Try it:
Pictures are to be left out, and only the lines below starting at the one with "Granddaughter Quotes - To" and ending at the one with "Large Arts and" are to be reproduced, each exactly, both ends included.

+++ Record excerpts +++

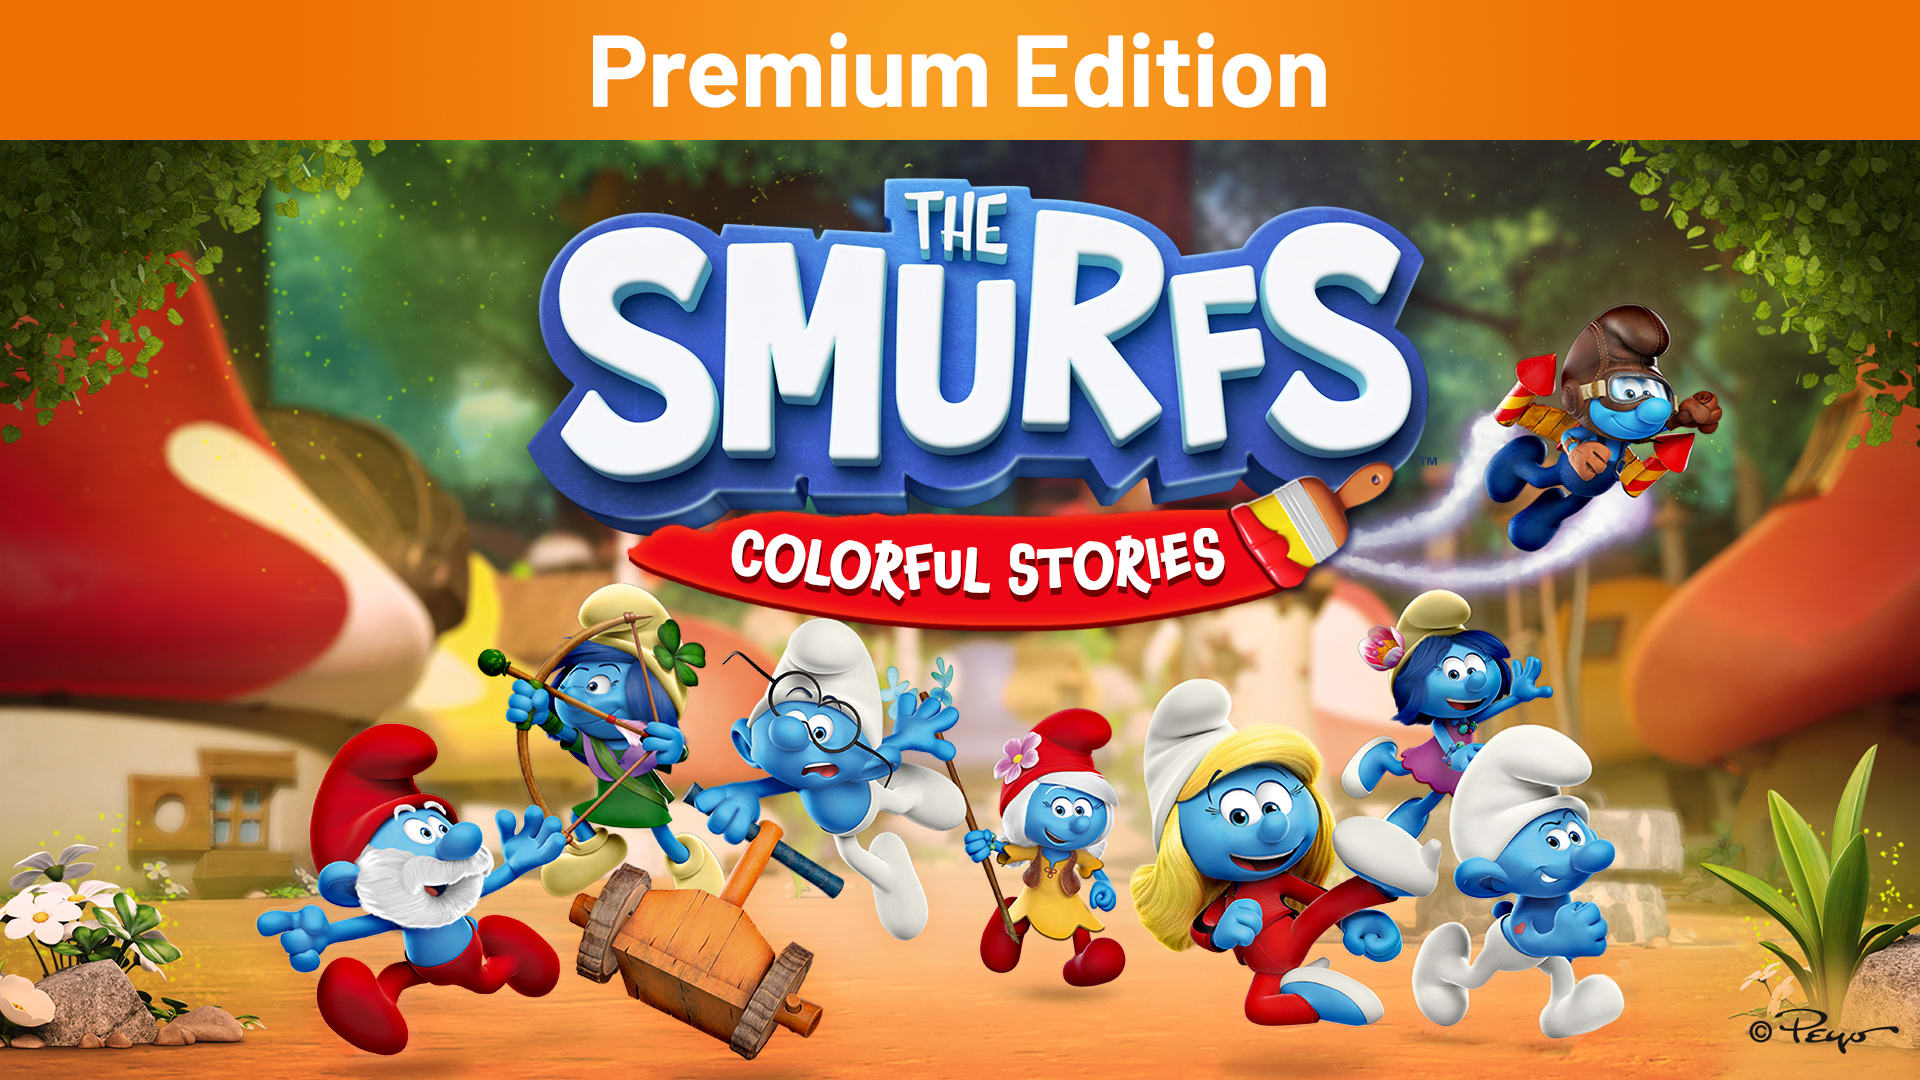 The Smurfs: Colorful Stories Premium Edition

+++
+++ Record excerpts +++

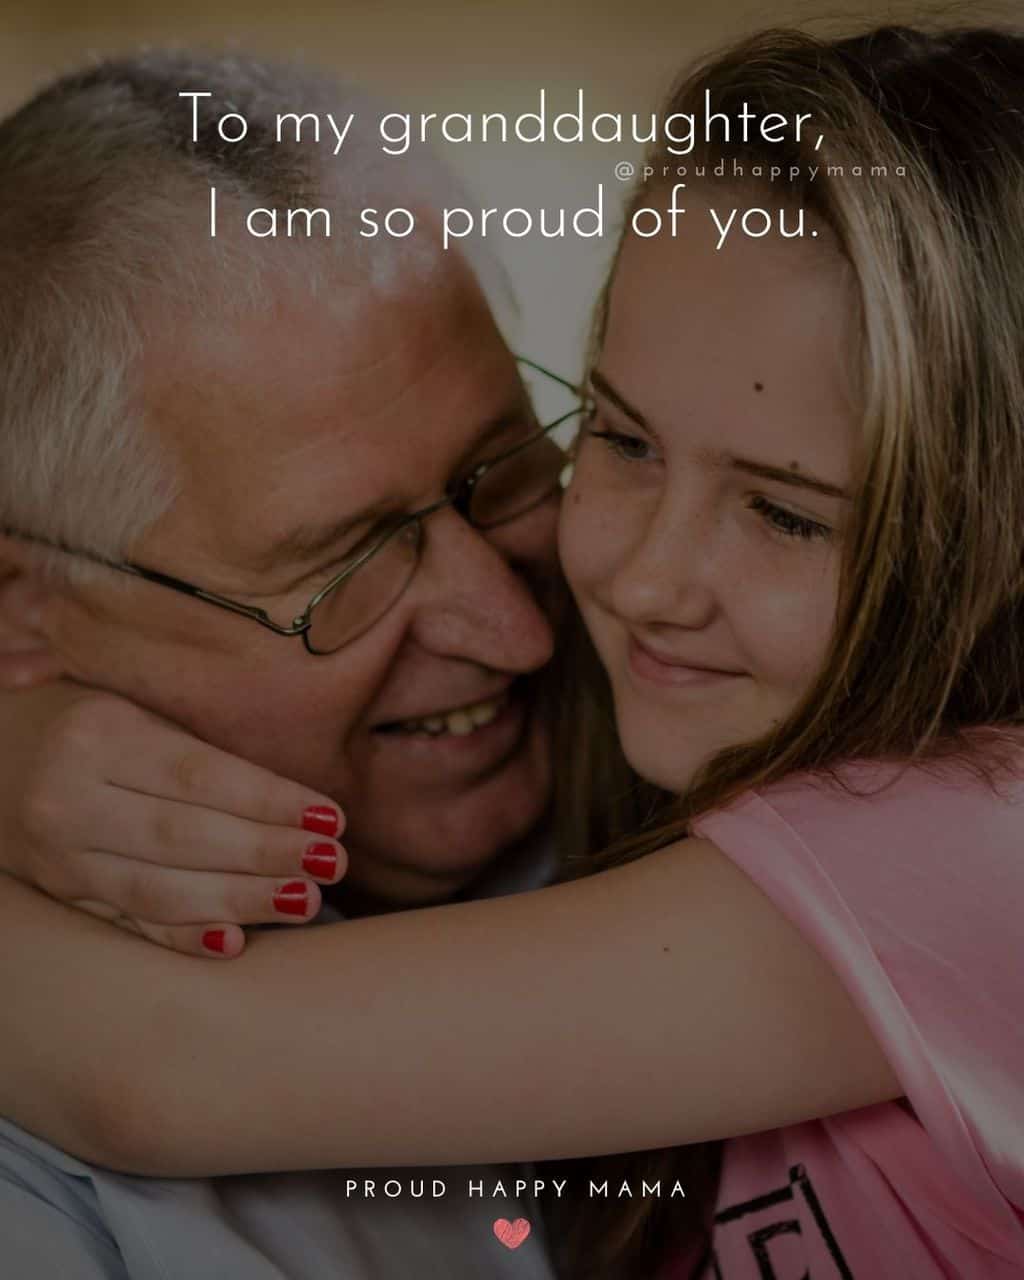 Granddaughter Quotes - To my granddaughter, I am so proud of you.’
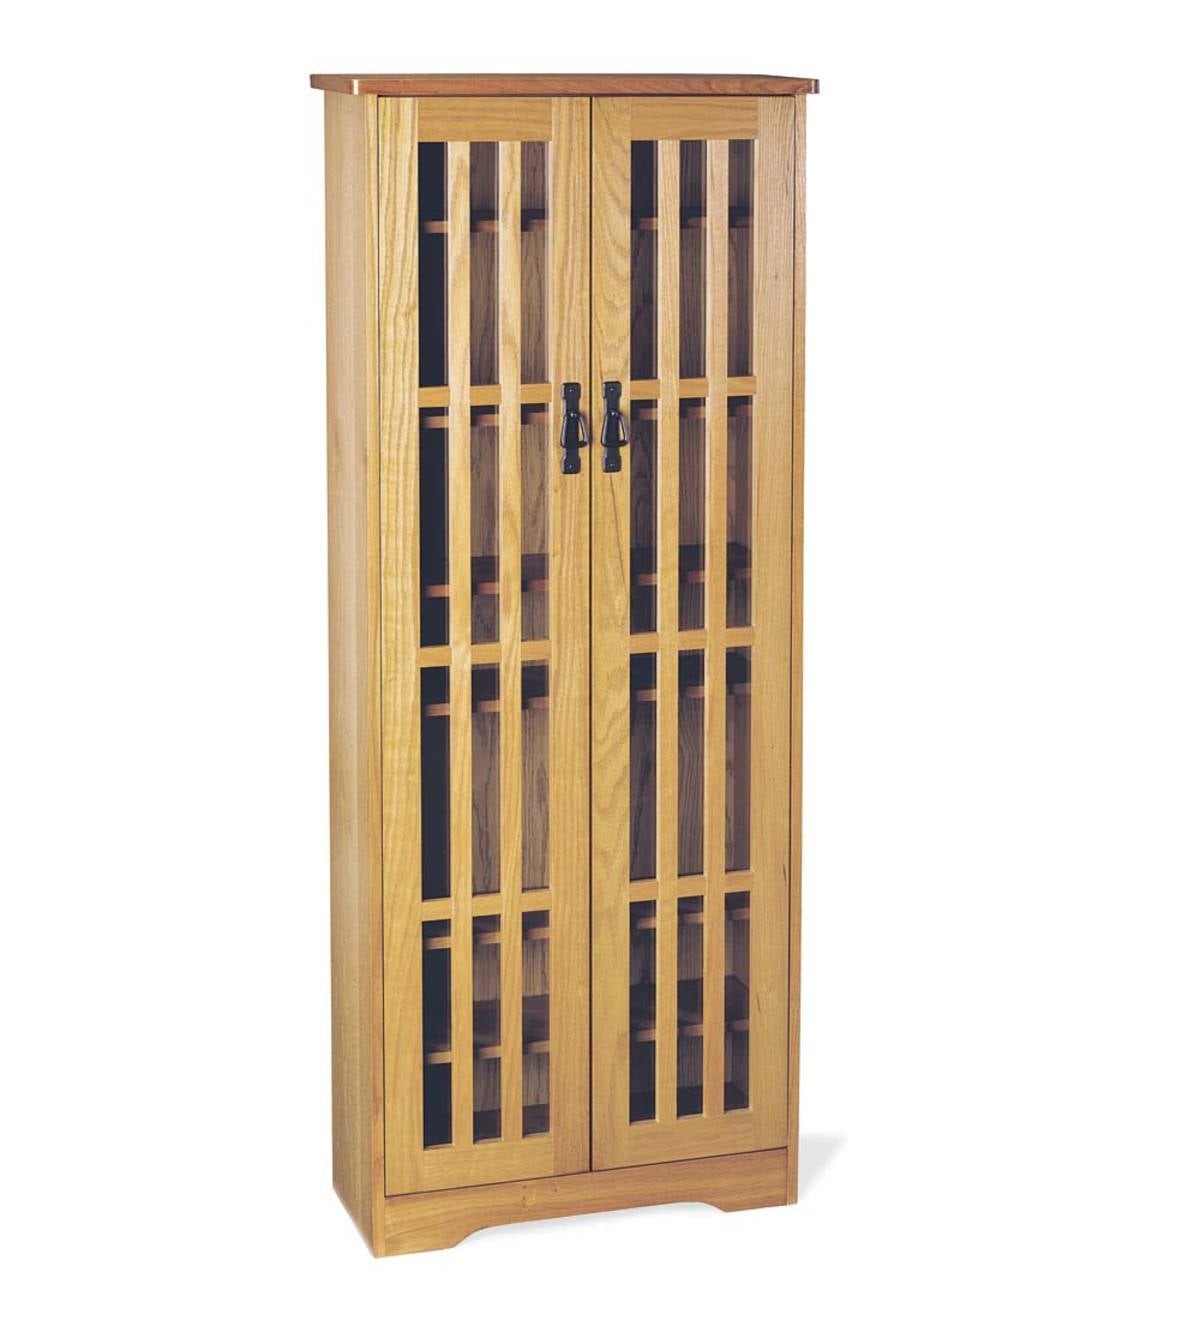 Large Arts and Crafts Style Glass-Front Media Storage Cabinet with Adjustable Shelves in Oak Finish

+++

Solution to this task:
 Granddaughter Quotes - To my granddaughter, I am so proud of you.’
 Large Arts and Crafts Style Glass-Front Media Storage Cabinet with Adjustable Shelves in Oak Finish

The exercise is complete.